### WHAT YOU HAVE TO DO
Omit all pictures, then repeat the listing exactly.
== Segment start ==
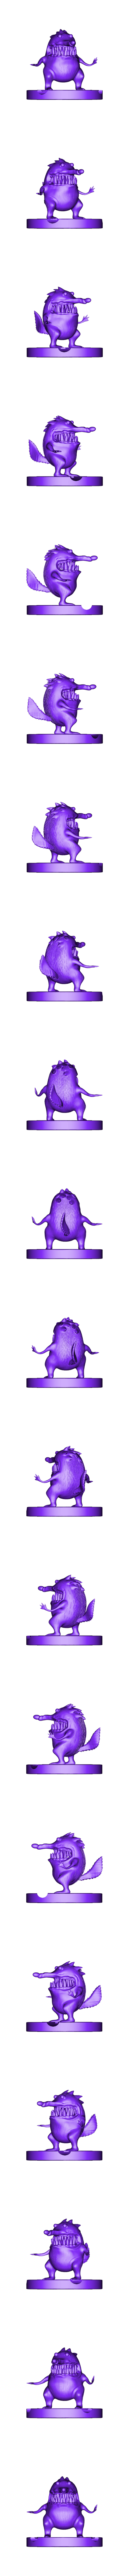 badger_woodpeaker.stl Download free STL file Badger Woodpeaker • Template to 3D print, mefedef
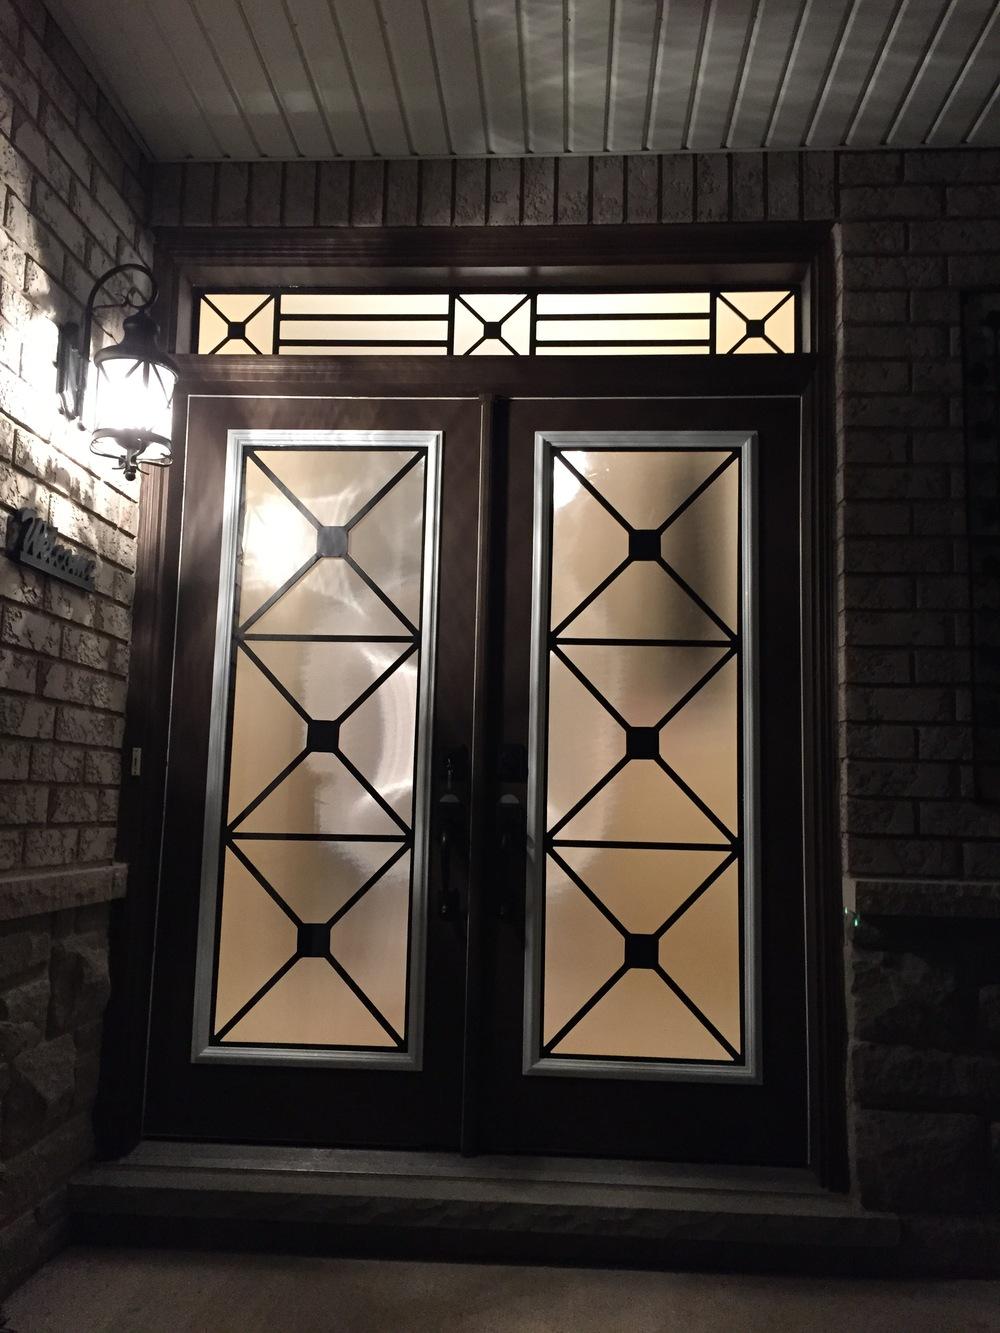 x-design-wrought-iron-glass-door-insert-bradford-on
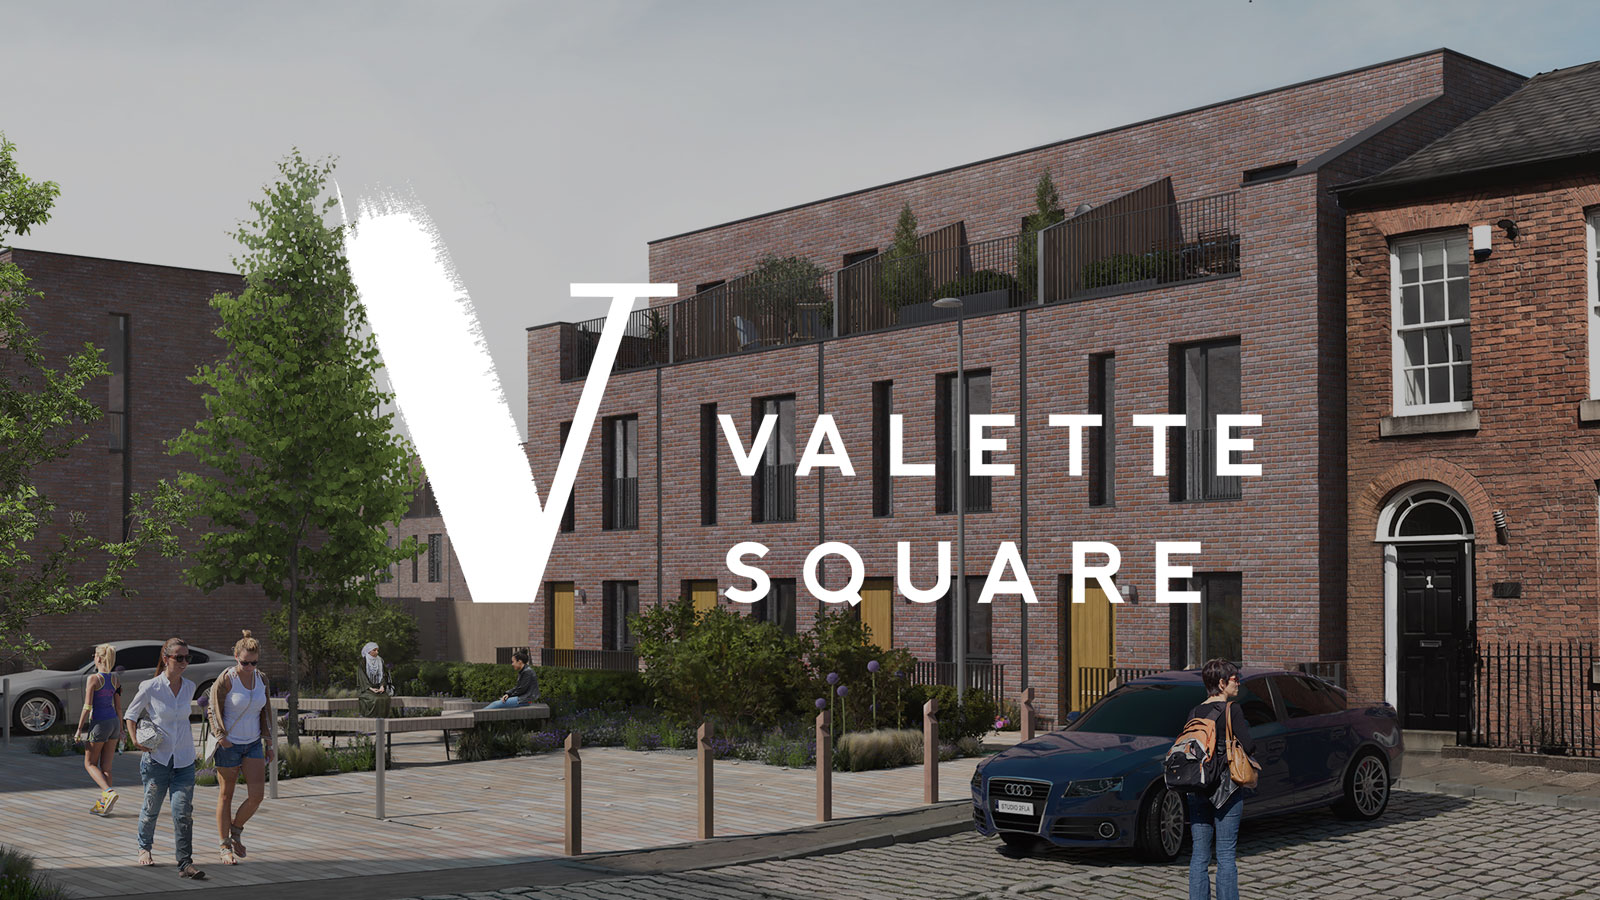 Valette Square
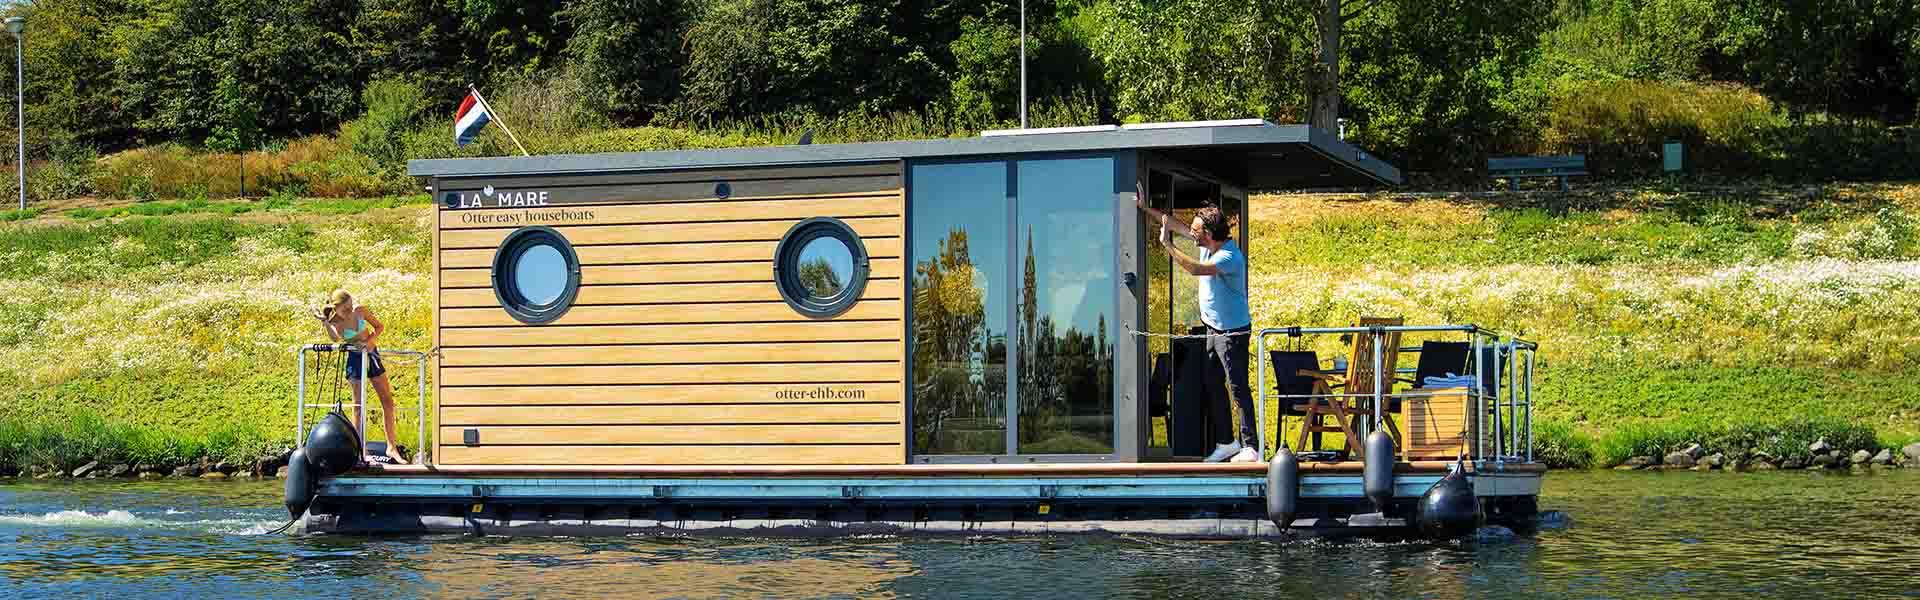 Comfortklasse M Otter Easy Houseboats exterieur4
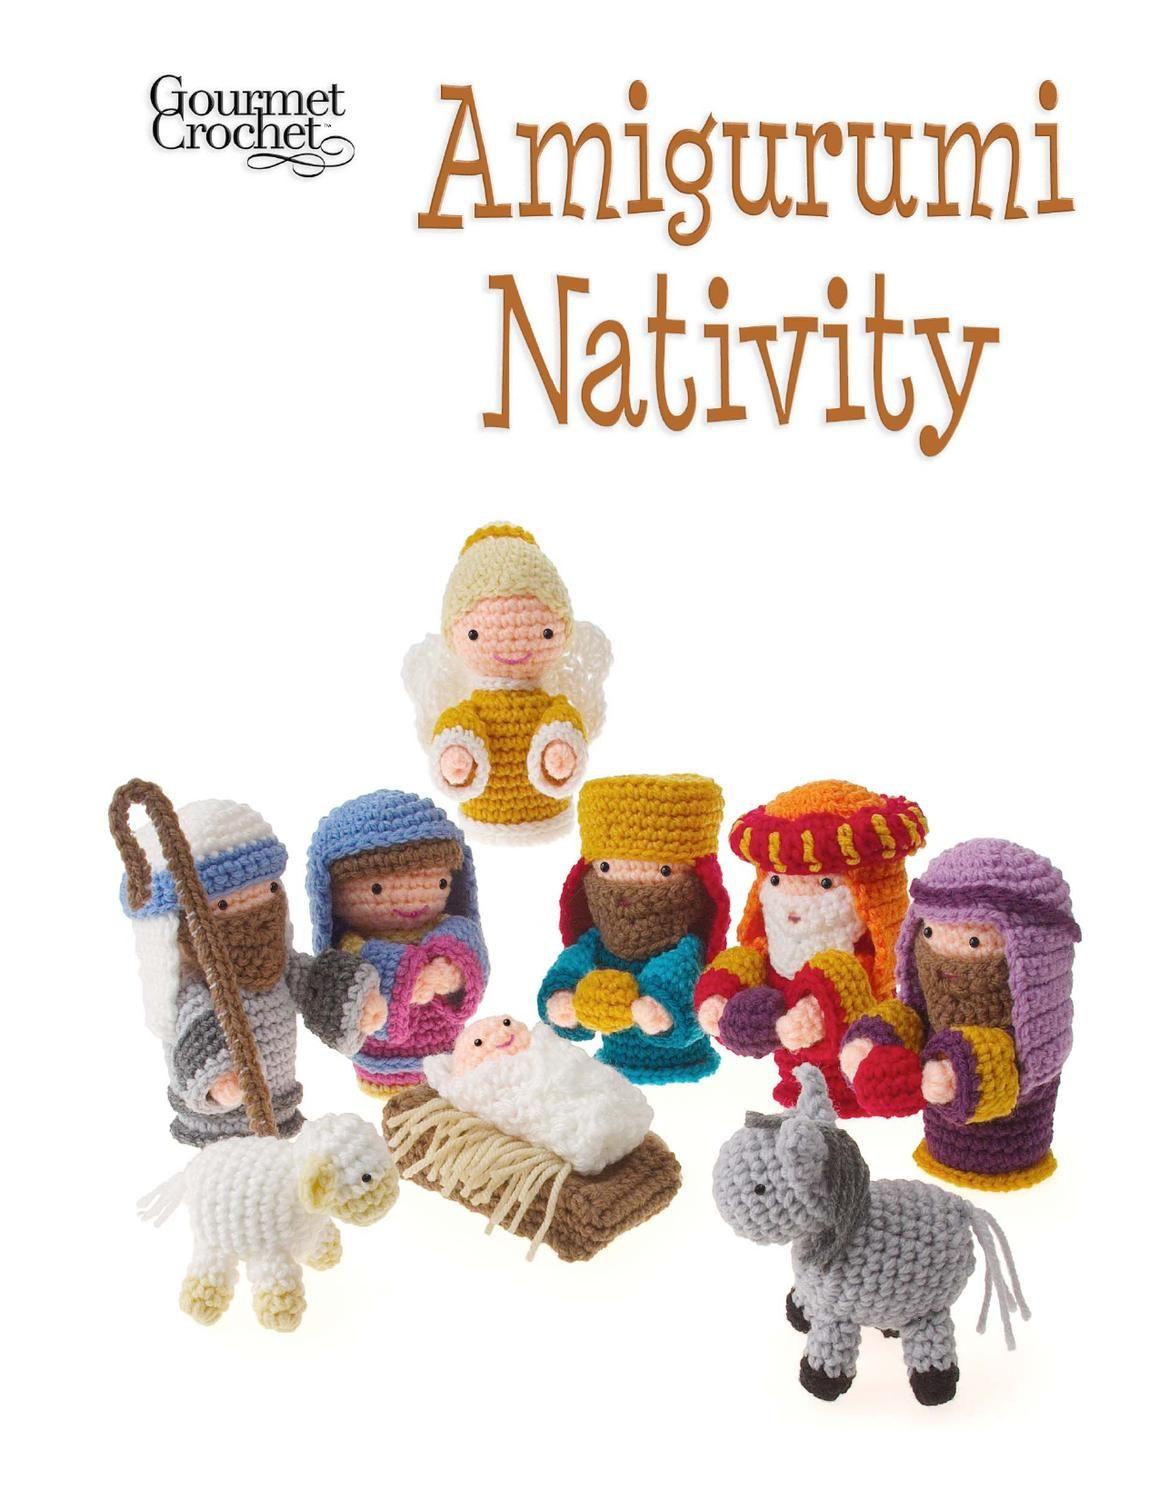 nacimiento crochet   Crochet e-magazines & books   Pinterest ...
== Segment end ==
### YOUR RESPONSE
 badger_woodpeaker.stl Download free STL file Badger Woodpeaker • Template to 3D print, mefedef
 x-design-wrought-iron-glass-door-insert-bradford-on
 Valette Square
 Comfortklasse M Otter Easy Houseboats exterieur4
 nacimiento crochet   Crochet e-magazines & books   Pinterest ...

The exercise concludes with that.